Attorney ads convey a message that a person who is injured in a car accident, or hit by a big truck, or exposed to Roundup is unequivocally entitled to a big recovery, said John C.S. Pierce, who headed up a social inflation task force for the DRI.

“The advertising simply removes the concept of causation,” Pierce said. “You’re just entitled to it. Defense lawyers have to do a little extra work in getting a jury qualified, to help them recognize that this information that comes in over television and billboards might influence the way they make a decision sitting as a juror.”

‘Inferior lawyers … who bring knives to gunfights’

But plaintiffs lawyers have a different view.

John Morgan, for instance, founder of personal injury megafirm and prolific advertiser Morgan & Morgan, rejects the social inflation concept and its notion that advertising brings bigger awards to plaintiffs.

“Just verdicts come as the result of prepared attorneys who believe in their case and their clients,” Morgan said in an email. “Insurance companies have gone in-house to save money. The result is inferior lawyers in many cases, who bring knives to gunfights.”

Speaking of the notion that lawyer ads have an impact on recoveries, Morgan said, “These lawyers should stop making excuses for their failures and work on their skills and pay fairly. Juries are offended when the defense suggest no liability or low amounts of money where the evidence is contrary to their argument,” he said.

Mark Dubois, whose practice at Geraghty & Bonnano in New London, Connecticut, focuses on legal ethics, attorney discipline and malpractice, said that voir dire typically weeds out any prospective jurors with strong predilections.

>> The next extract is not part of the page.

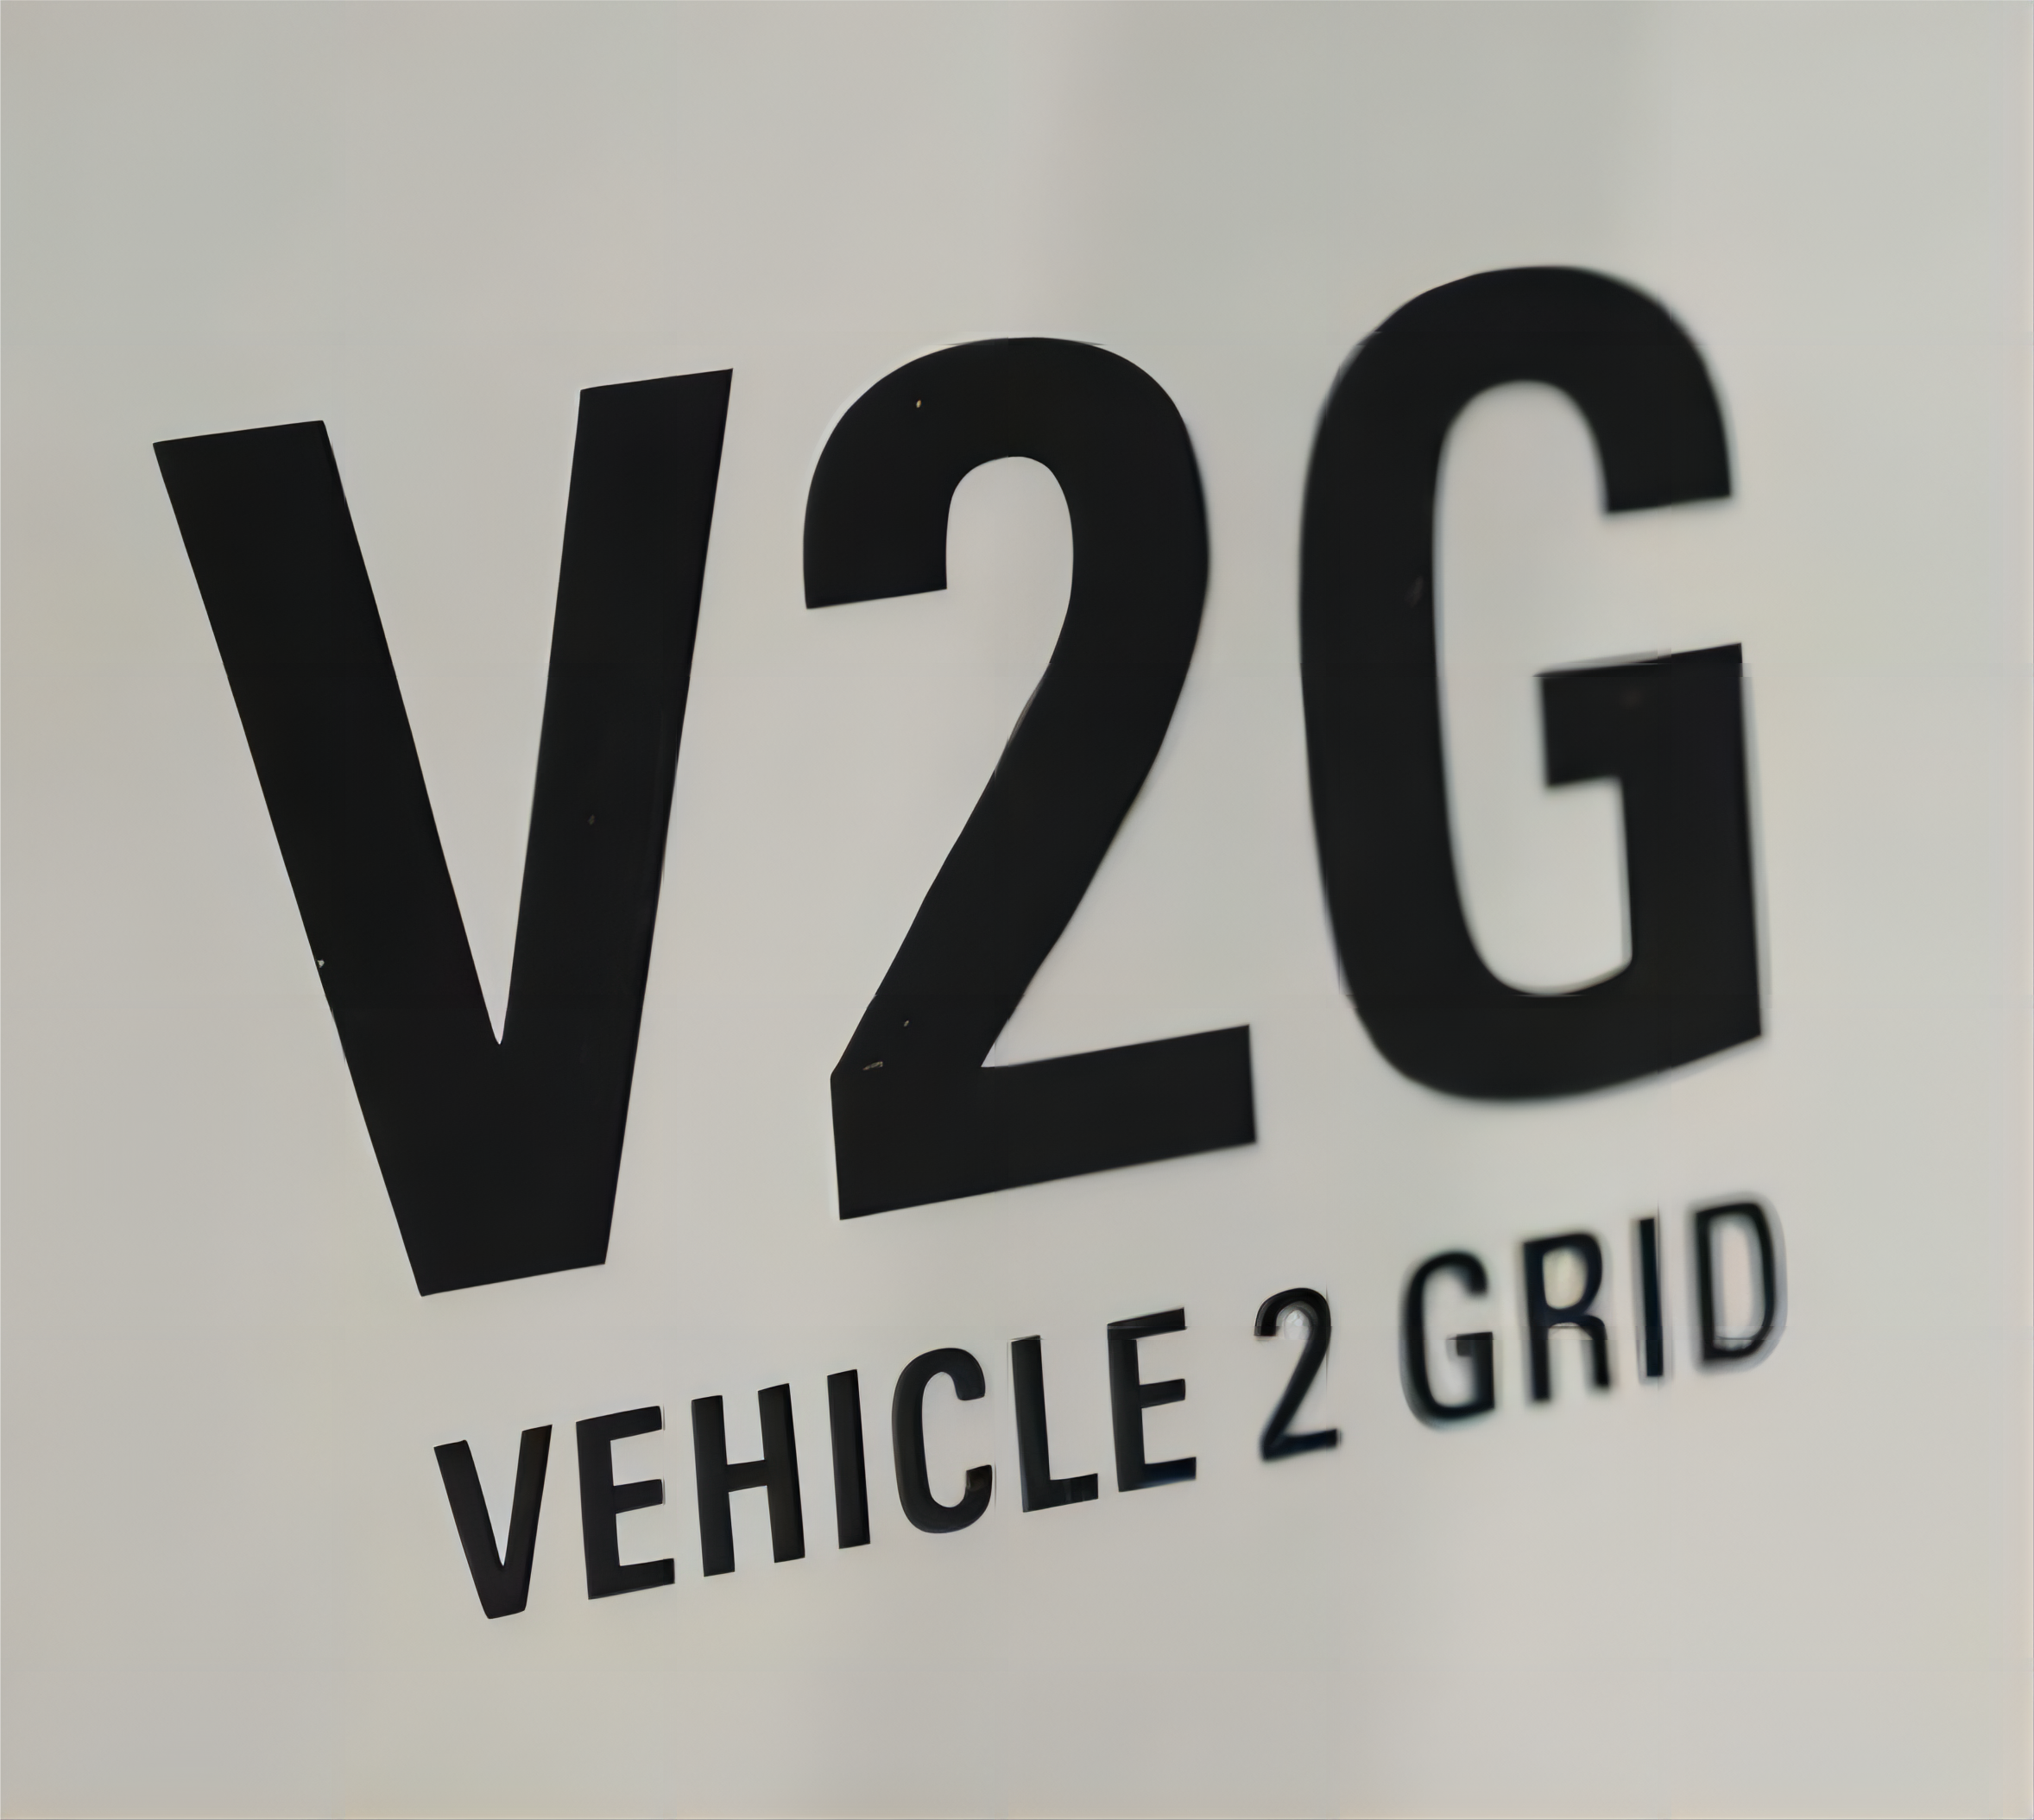 V2G Chargers: The Future Link Between Vehicles and the Grid

“I’ve tried many dozen cases, and no juror ever told me that advertising played any part in their reaching a verdict. Of course, that was before social media. Heck, it was before we even used computers,” said Dubois, a former longtime chief disciplinary counsel for Connecticut who previously practiced personal injury law.

“However, studies of cognitive bias suggest that priming and anchoring strategies can get jurors to pick higher starting points when entering into negotiations, and I can imagine that these same strategies could result in higher verdicts, or at least less resistance to arguments for higher awards,” Dubois said.

He asks if there is any empirical proof of the social inflation theory, noting that coincidence is not equal to causation.

Since the U.S. Supreme Court approved lawyer advertising in the 1970s, the insurance industry has complained that high verdicts, driven by advertising and contingent fees, were raising the costs of insurance, especially malpractice insurance for doctors, Dubois said. But he cited a study that showed no connection between lawyer ads and big awards.

Dubois said, “So I’d view this claim as probably just a continuation of the ebb and flow, push and pull between trial lawyers and insurance companies that’s been going on for the last 50 years.”